In MJ's defense, MJv6 (c. January 2024) is considerably better at text, and you could probably get that question-mark now with some prompting & maybe region-inpainting.


article about a related app - that some guy created in 30 mins to allow people to "pet" virtual animals: https://www.theguardian.com/games/2024/feb/15/stroke-of-geni...


What do you use to create the graphs?


https://pixijs.com/ and https://gsap.com/. All of the source code for my posts can be found at https://github.com/samwho/visualisations :)


Thanks to the author for all the hard work. Its easy to consume and understand for beginners too.


This is really reassuring to hear, thank you! I make sure my posts are reviewed by people with a range of experience and familiarity, without them the posts wouldn't be as accessible as they are. I'm glad this is working. :)


Hey Sam, how did you create the charts with the slider? I really like those!


They’re also using PixiJS. The code for them is here: https://github.com/samwho/visualisations/blob/main/bloom-fil...

Glad you like them, they were hard to get right :D


I remember discussing bloom and cuckoo filters a while back and someone linked.to.great papers from late 2010s with much more advanced probabilistic structures that were handling modification much better or had other interesting properties. Anyone here knows where to look for these? I didn't take notes...


Not sure, but I recently came across xorsat filters (https://eecs.ceas.uc.edu/~weaversa/XORSATFilters.pdf). It's not a great replacement for bloom filters in many use cases because they are not modifiable but have some other interesting properties:

1. They are very close to the information theoretic minimum needed to encode the information so are more space-efficient than bloom filters or cuckoo filters.

2. They have a natural way to store metadata (at the cost of additional space of course) so you can associate a few bits of metadata with each set bit at pretty reasonable space cost.


Interesting! 2 makes me wonder if it could work as a very bad but space efficient key-value store ;D


Maybe quotient filters?


Yes, that's one of the bloom successors I was looking for. Thanks.

Link for people reading this: https://systemdesign.one/quotient-filter-explained/

I remember there's more obscure newer stuff someone showed me in 2019 tho.


What are the business use cases we use bloom filters? Some examples would be great. Thanks!


The first I heard of a Bloom filter was when I was tasked with implementing one in iBooks. I used a Bloom filter for search.

My recollection is a little fuzzy now but as I recall, as we parsed each pagination of the ePub, we would hash or index (the first three characters of?) every word on the page. Each page got its own bitfield or some such structure to hold these hashes.

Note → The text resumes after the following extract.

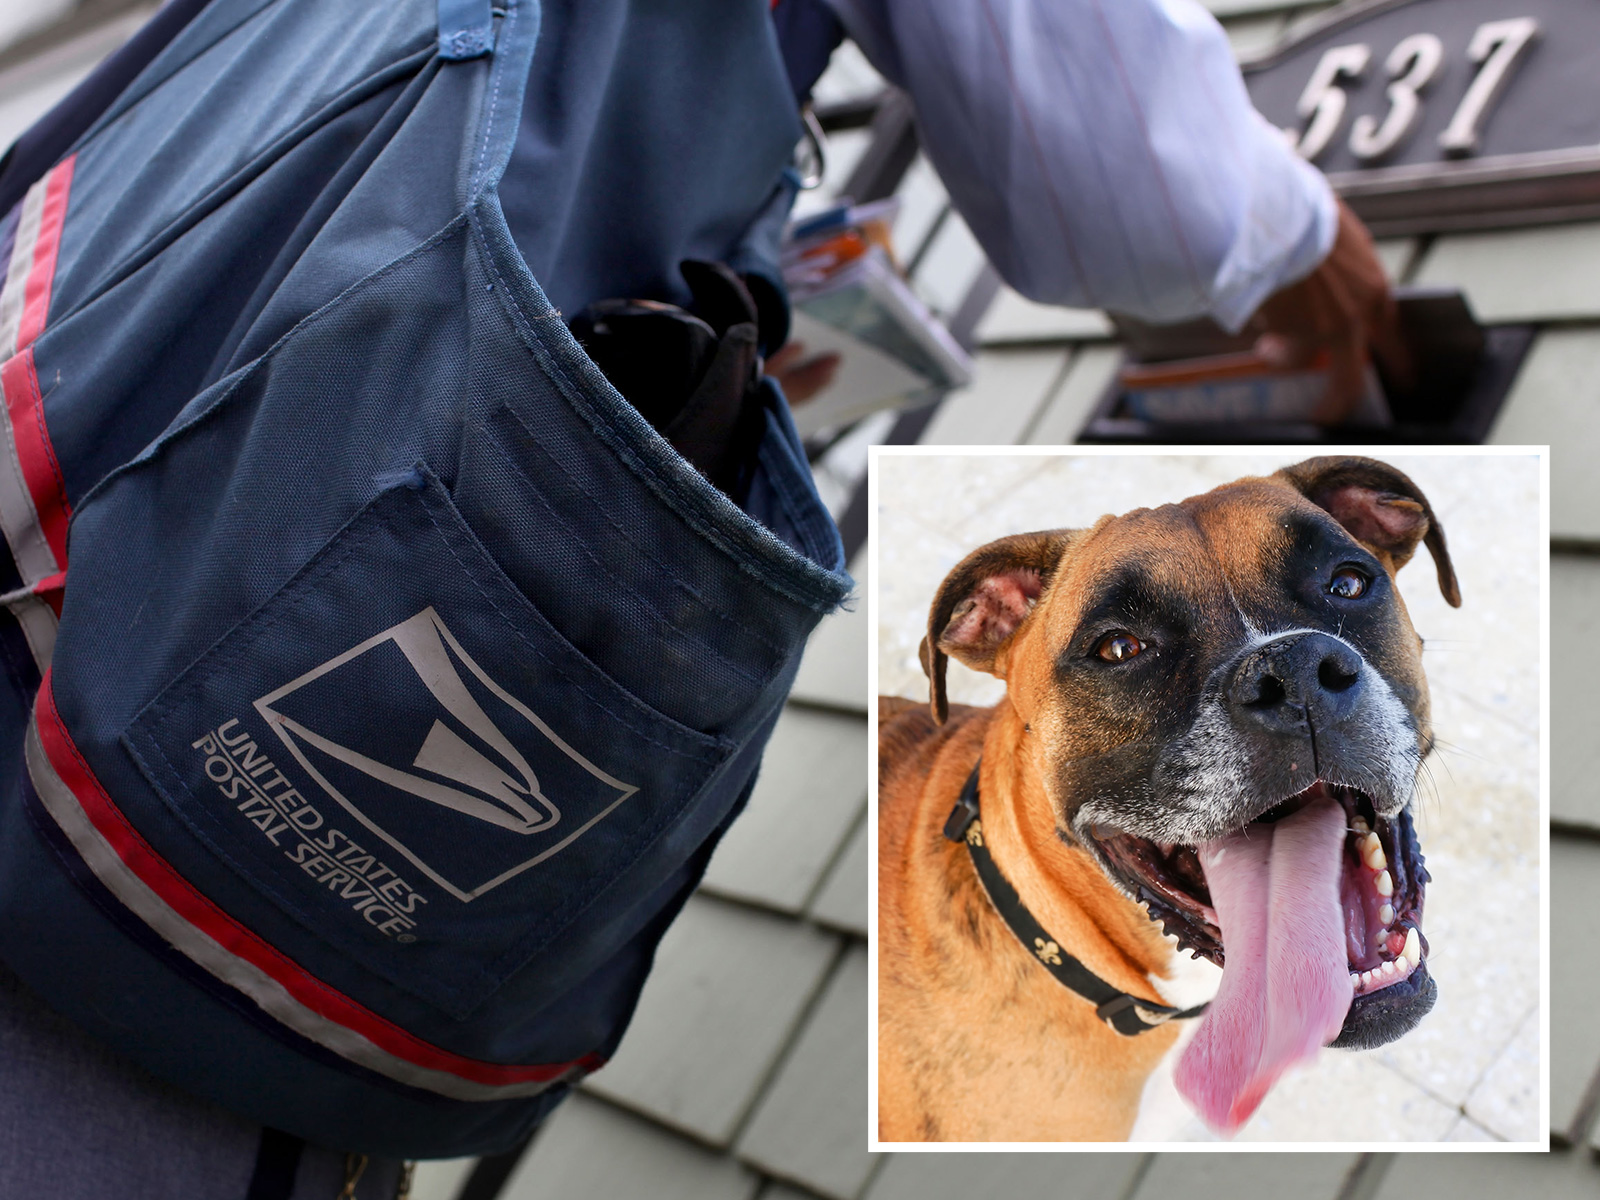 Spate Of 'Vicious' Dog Attacks On Postal Workers Leaves Locals Without Mail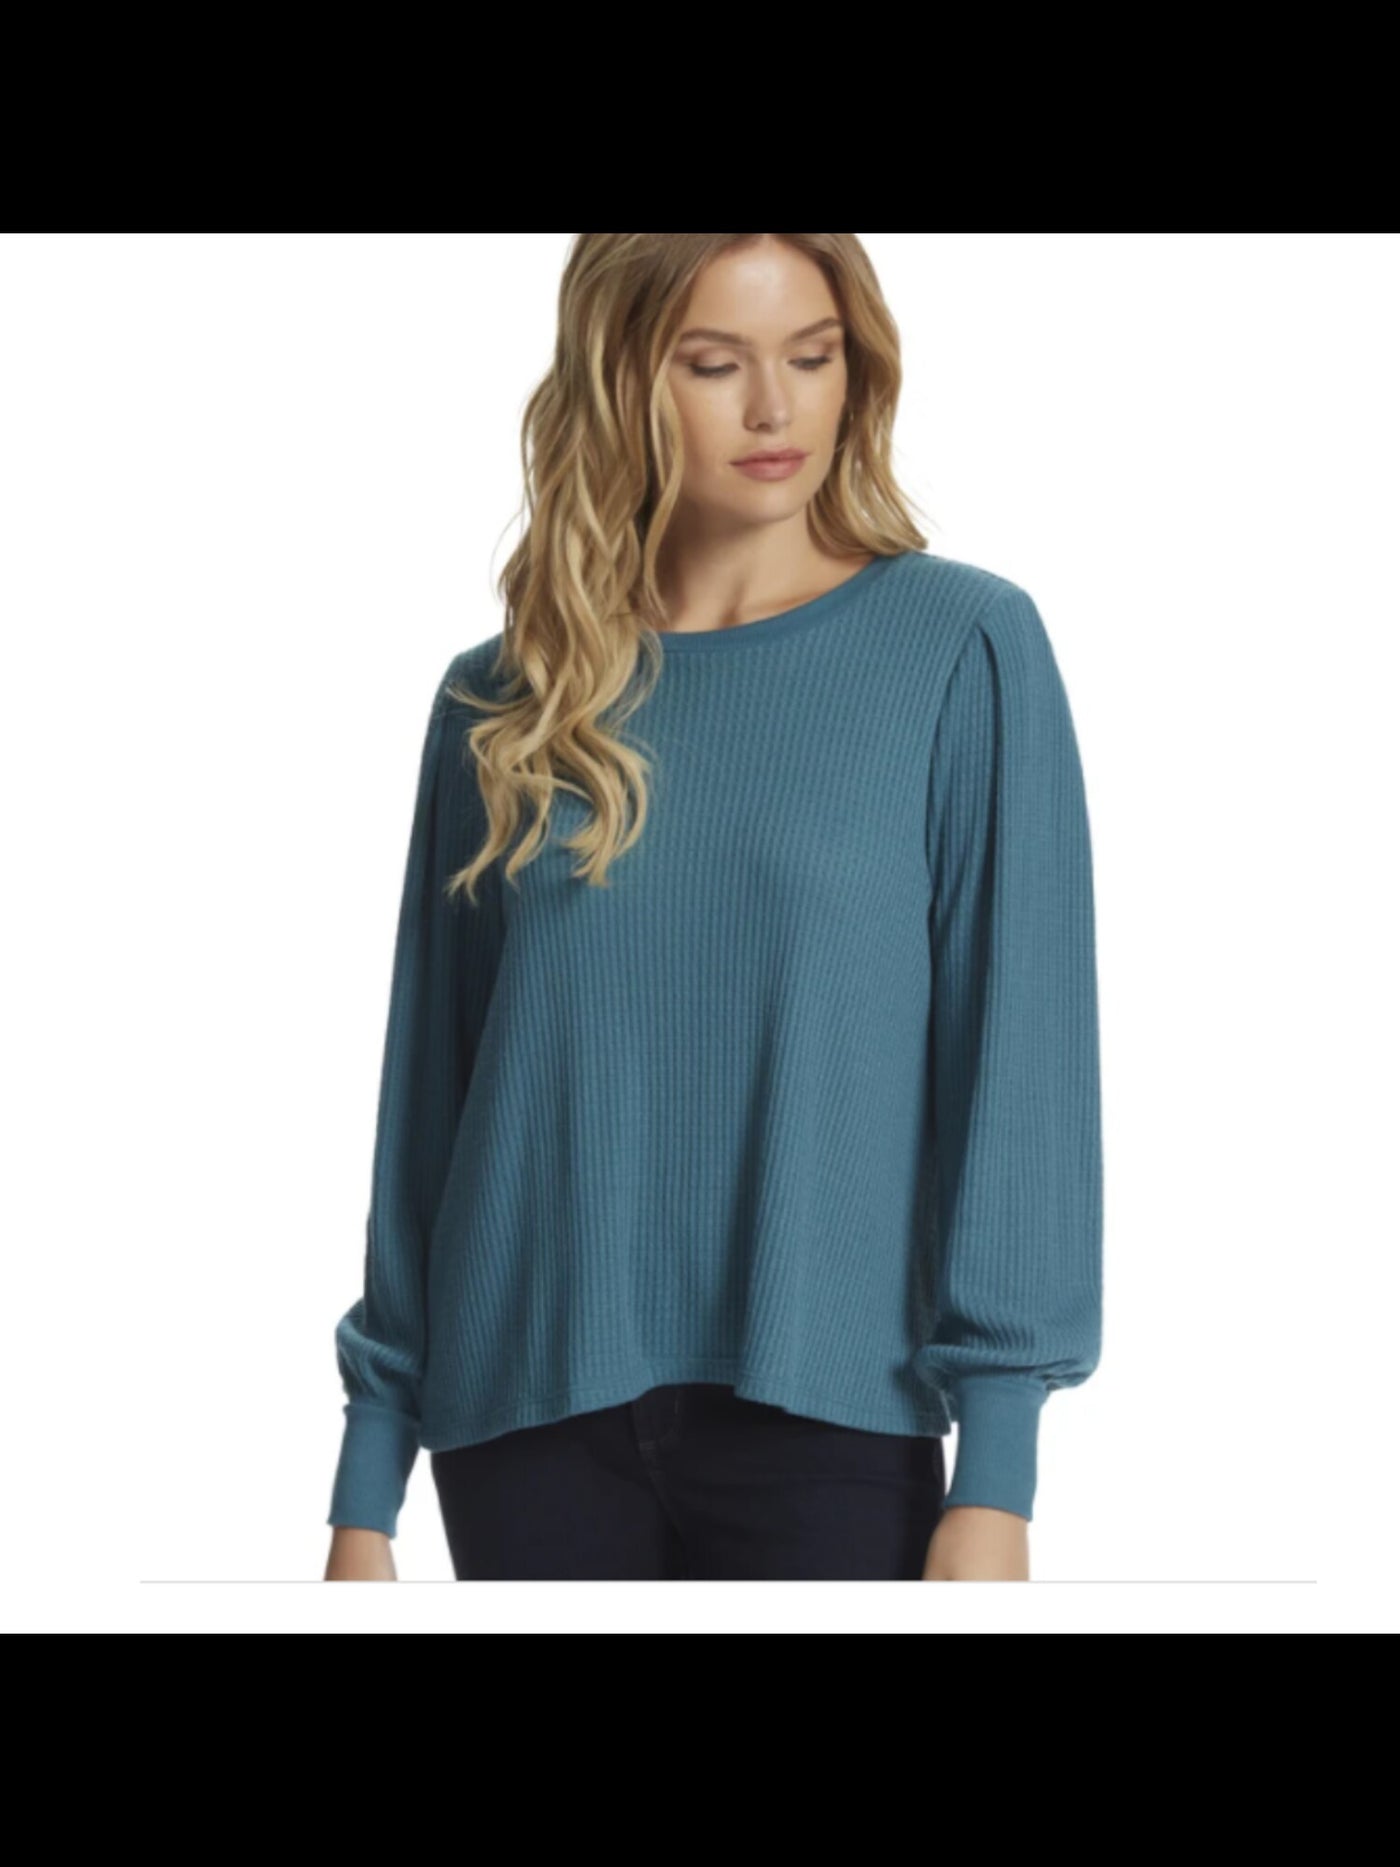 JESSICA SIMPSON Womens Teal Stretch Ribbed Jewel Neck Sweater XS

When a user typed a word to search we could potentially eliminate a large percentage of the pages of the ePub. If a page had no hash matches to the hashed search term then we knew the word was not contained on the page at all.

A best-case example might be searching for "Jabberwocky" in the book "Through the Looking Glass". Very likely all but one page of the ePub will fall away.

As is pointed out in the article, if we did get a hash match for a page it was not a guarantee the word was there — but then we would drop down to a more standard string compare to find not only if the word truly existed on the page but where it was as well (or if it existed in multiple places on the page).

The worst case was of course entering a search term like the word "the" where potentially every page would have to be exhaustively string-compared. But that kind of falls in the lap of the user — why did you search for "the"?


This is really interesting, thanks for sharing! I'd imagine the three-character trick would have failed on programming-based ebooks, right? With all those underscores and stuff. Do you remember the preprocessing steps you took for this?

On a side note, I just spent like an hour on your blog. Fascinating stuff!


Thanks. No, I don't remember the preprocessing.

WebKit, at the time, was not very good at pagination, something ePub requires. iBooks work resulted in a number of "Radars" filed against WebKit with regard to pagination. As a side effect I suspect printing a web page from Safari (who does that?) is markedly better since.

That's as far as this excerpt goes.